レプリカを手に取ると、茶碗の中心にずっしりした重みを感じる。「この『重心が落ちる』感触が手取りのよさの理由のひとつ。だから手にとると気持ちが落ち着く」と上田氏は話す。次郎坊の重さは272グラム。レプリカは68グラム足りなかった。そこで高台部分を金属に置き換え、重心をずらすことなく重さをぴたりと合わせた。茶碗の表面がかさっとしている質感や釉薬(ゆうやく)の鉄分の赤みも再現した。レプリカを実物の前に設置し、さわりながら鑑賞してもらう展示を計画する。
仏像の断面も
九州国立博物館は「ならべてわかる本物のひみつ 実物とレプリカ」展を23日まで開催。縄文時代の火焔(かえん)型土器、阿弥陀如来坐像など6点の文化財の実物とレプリカ、再現文化財(素材や技法も忠実に再現した文化財)が並ぶ。仏像の断面を見られるのもレプリカならでは。X線CTスキャナーで測定したデータをレプリカ作りにも生かしている。

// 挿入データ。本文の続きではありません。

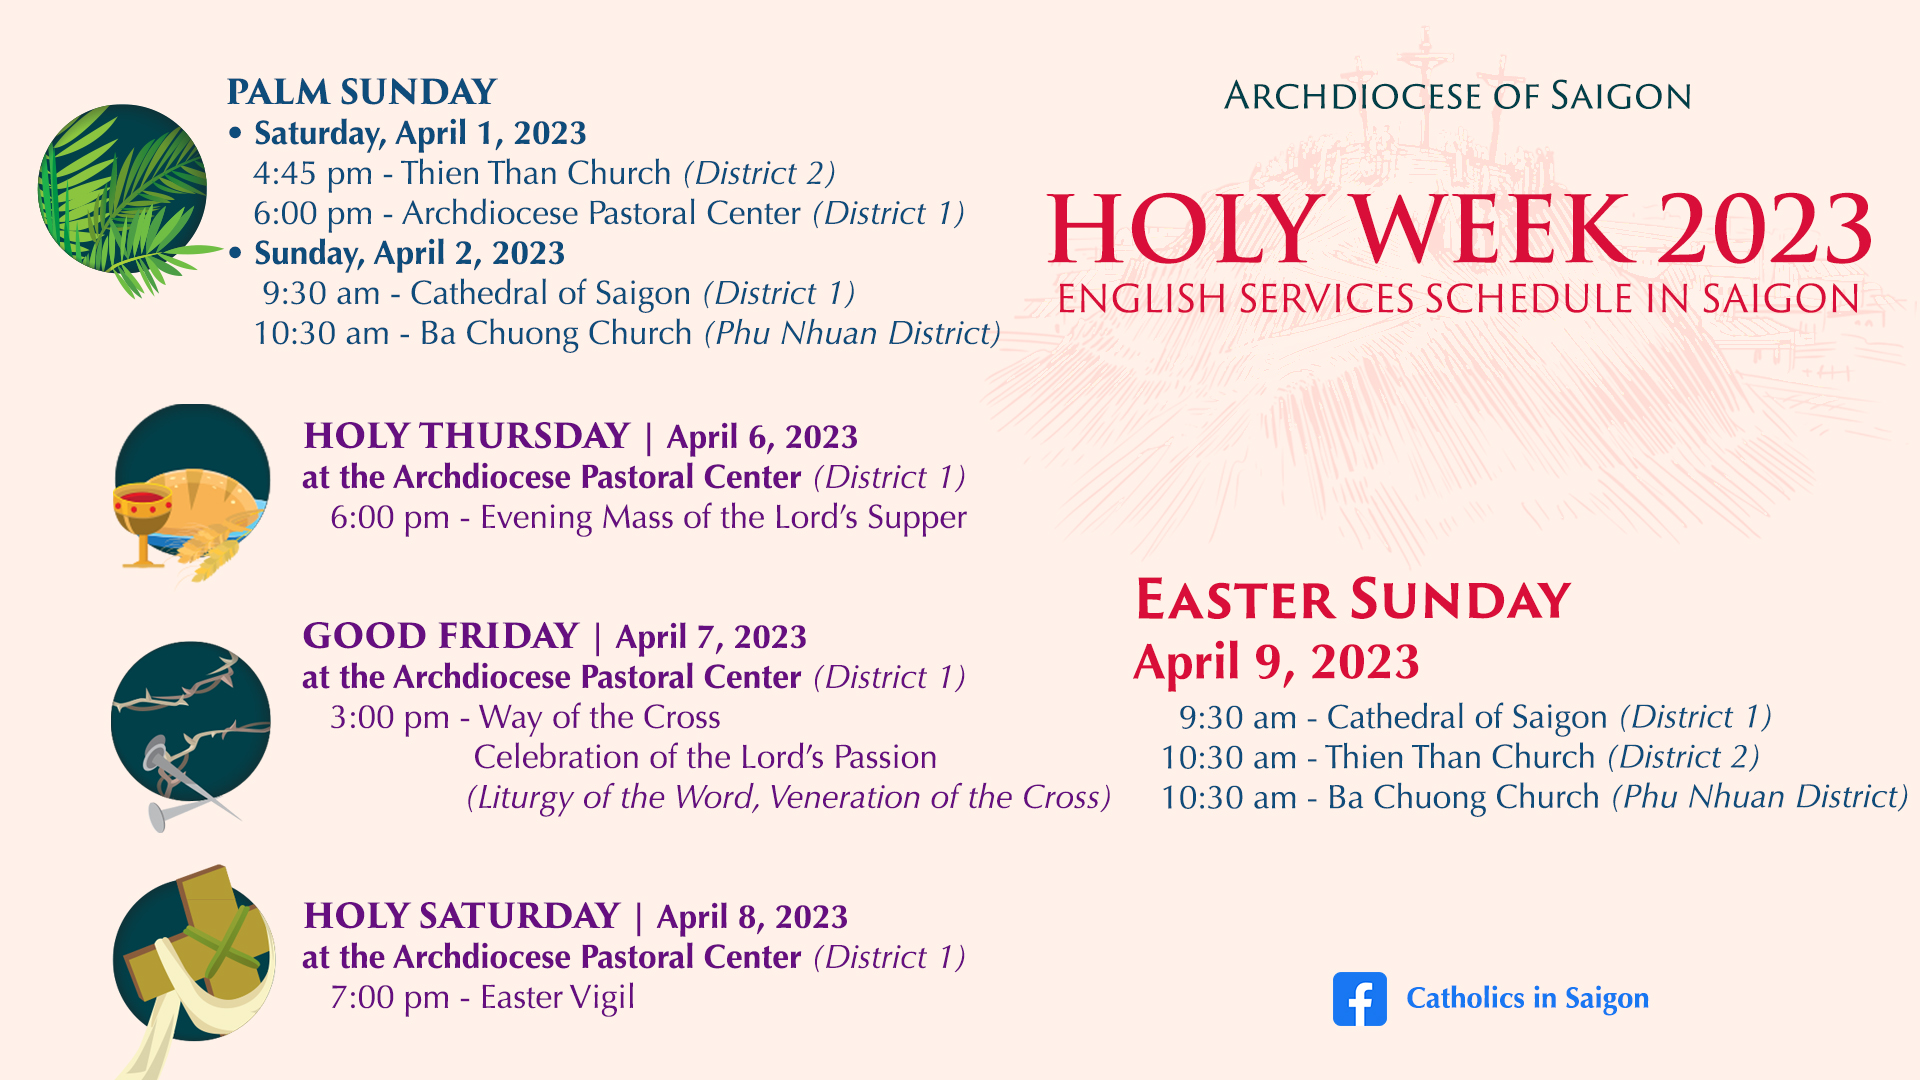 Holy Week 2023 | Horaires de la Semaine Sainte | 2023성주간

「美術品や文化財の鑑賞において、さわることは有効な手立てだということが広く認識されてきた」と同館主任研究員の加藤小夜子氏は指摘する。たとえば展示中の火焔型土器は開口部が波状の突起で縁取られている。「指を置くとぴったりはまるので、指で押してかたどったとも考えられる。祭事などで皆で指を置き、共に祈ったのかもしれない。触れることでさまざまな想像が膨らむ」と話す。残念ながら同展はコロナ禍のため見るだけの展示に変更された。しかし視覚障害者や子供、外国人ら多様化する来場者のため、文字や知識だけに頼らない体感型の鑑賞は今後より一層求められていくだろう。